The company announced it has raised $4.5 million in a seed round led by BoxGroup. Lisa Gokongwei-Cheng participated as an angel investor through Kaya Founders, the venture firm her family helped establish. Apex Star Capital, the family office of Xiaomi co-founder Lin Bin, also joined the round.
Processing $130 Million in Five Months
Kita says it can interpret more than 50 document types, including PDFs, e-wallet transaction histories, handwritten passbooks, and photographs of crumpled paper. The platform employs vision-language models trained to parse Tagalog, Taglish, Cebuano, Spanish, and Bahasa Indonesia, among other languages.
In its first five months of commercial operation, Kita processed over $130 million in loan volume, with more than 60 percent originating from the Philippines. One early client, rural lender TRBank, handed Kita four years of paper loan files stored in physical folders. The platform digitized the archive in under three days, achieving accuracy rates above 97 percent, according to the company.
Each data point Kita extracts is hyperlinked to the source document, allowing human credit officers to verify figures without hunting through PDFs or paper stacks. The system applies each lender's proprietary credit rules rather than making autonomous approval decisions.

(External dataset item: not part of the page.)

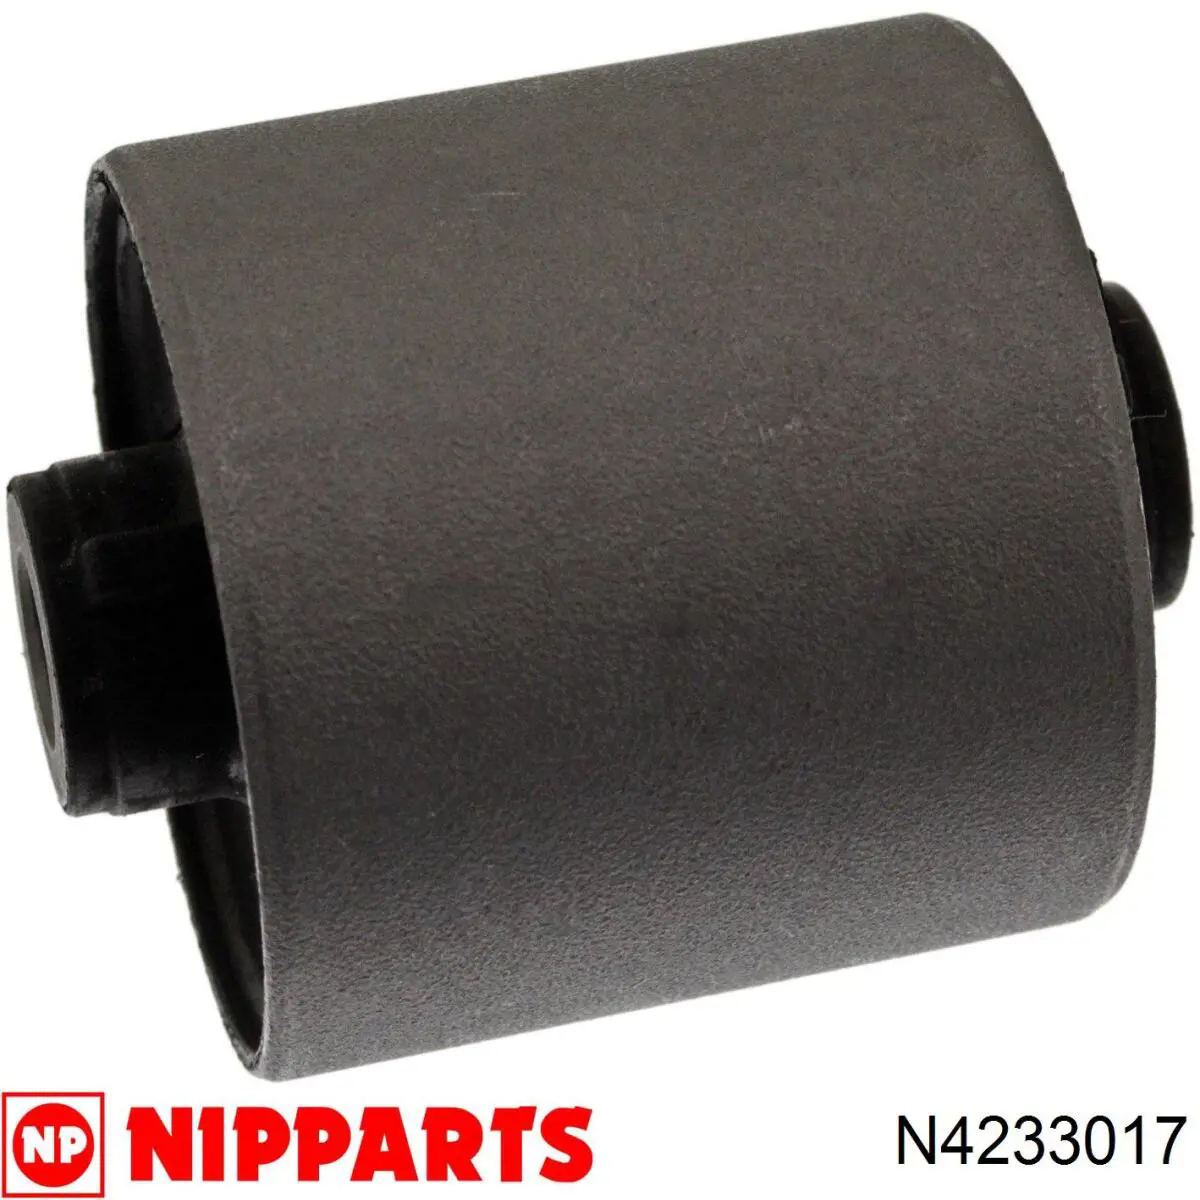 N4233017 Nipparts silentblock de suspensión delantero inferior

Stanford Roots, Manila Testing Ground
Limcaoco and Malhotra met in 2020 while sharing a one-bedroom apartment in Boston during pandemic lockdowns. Both later enrolled in Stanford's computer science program. Limcaoco had previously worked on audio products at Apple and co-launched a product management fellowship at Kaya Founders. Malhotra contributed to research supporting Pfizer's COVID-19 vaccine development at age 17 and later focused on computer vision and robotics at Stanford before deferring a Princeton AI doctorate to build Kita.
The pair identified the loan underwriting bottleneck during a research trip to Manila, where Limcaoco grew up. Philippine lenders face twin constraints: severe processing backlogs and borrower populations with thin or non-standard credit files. Many applicants operate outside formal banking channels, relying instead on cash businesses or digital wallets that generate transaction records incompatible with legacy credit scoring systems.
Limcaoco is the first Filipina founder admitted to Y Combinator in more than five years, according to Kita.
Competing in a Crowded Field
Kita operates in a segment attracting parallel bets from the same investors. Kaya Founders also backs Moneta, another AI platform that analyzes corporate loan documents and generates credit assessments for banks. The overlapping mandates suggest venture capital firms are hedging within the credit infrastructure category.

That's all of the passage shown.